The results showed that in the presence of EC, increasing the concentration of HPMC decreased the release rate of diltiazem. Furthermore, incorporation of EC in tablets with HPMC as the matrix was found to control drug release. Piero et al investigated the effect of polymer on the dissolution behaviour of the drugs. Coprecipitates of different drugs with Eudragit RS were prepared. Delayed release was found by increasing the amount of the polymer in the solid dispersions Results showed that molecular weight and molar refractivity of the drugs were the most important variables influencing their release from coprecipitates . Kakiketeni et al., worked with ethyl celluloseErosion occurred for tablets manufactured with ethylcellulose particle size above 120m (Kakiketeni et al., 1995a). Characterization of tablets prepared using different particle sizes revealed that the porosity increased with increase in particle size (Katiketeni et al., 1995b) and the increase in porosity resulted in a faster drug release. Boza et al By comparing Eudragit RSPO to Ethocel 100, found that the release rate of lobenzarit sodium was slower for the Eudragit based matrix. The explanation was based on the chemical structure of the polymers. Ethocel has hydrophilic hydroxyl and ethoxyl groups, which make the matrix water sensitive. Consequently, it was more difficult to control the release of the hydrophilic drug. Eudragit RSPO is only slightly permeable to water due to its low content of quaternary ammonium groups; therefore it was more suitable for controlling the release of the hydrophilic drug. Pathan and Jalil (2000) evaluated Kollidon SR as matrix excipient for theophylline tablets. Tablets containing 20-70% theophylline showed Higuchian release kinetics; the release rates increased exponentially with the drug loading. . Annealing of the tablets for 24 hours at temperatures of 45 and 55C showed a slight decrease in the release rate compared to the room temperature.

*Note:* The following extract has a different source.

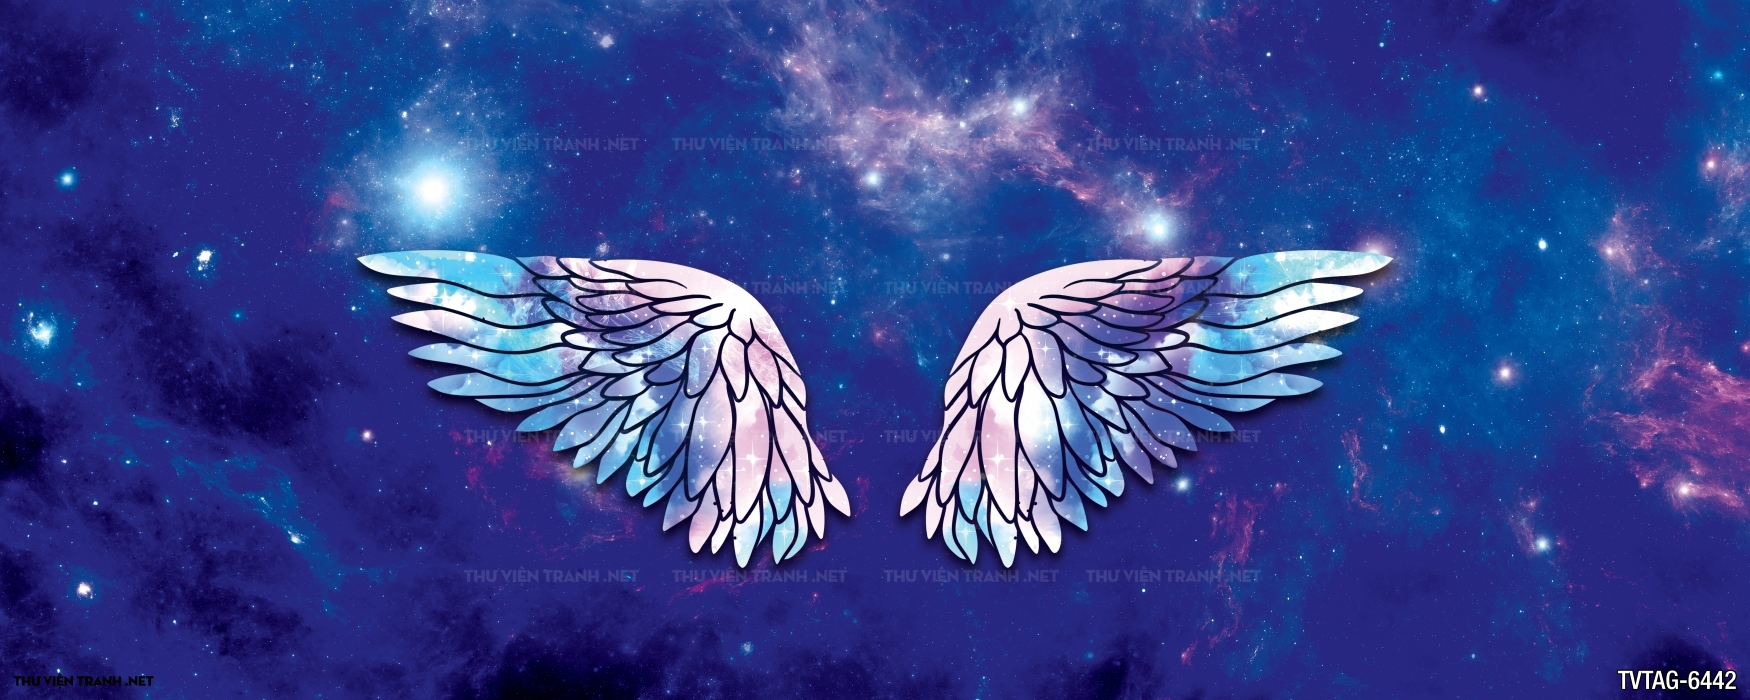 Tranh đôi cánh thiên thần

Shao et al. (2001) reported the effect of accelerated stability conditions on

diphenhydramine HCl tablets prepared with Kollidon SR. A decrease in dissolution rate along with an increase in tablet hardness was noticed for tablets with high level of Kollidon SR (>37%) prepared without diluents or with 15% diluent (lactose, Emcompress). At 25% Emcompress, no changes occurred. Such changes were not observed for tablets stored at 25C/ 60%RH or cured at 60C for at least one hour. Rock et al. (2000) evaluated different additives: diacetyl-tartaric acid diglyceride ester, pectin, stearic acid and methyl hydroxyethyl cellulose for optimization of caffeine release from Kollidon SR -based matrix tablets. Stearic acid retarded the initial drug release in acidic medium due to its hydrophobic character, but failed to accelerate it in neutral medium. Diacetyl-tartaric acid diglyceride ester, methyl hydroxyethyl cellulose and pectin reduced the initial drug release and intensified the dissolution after the pH change.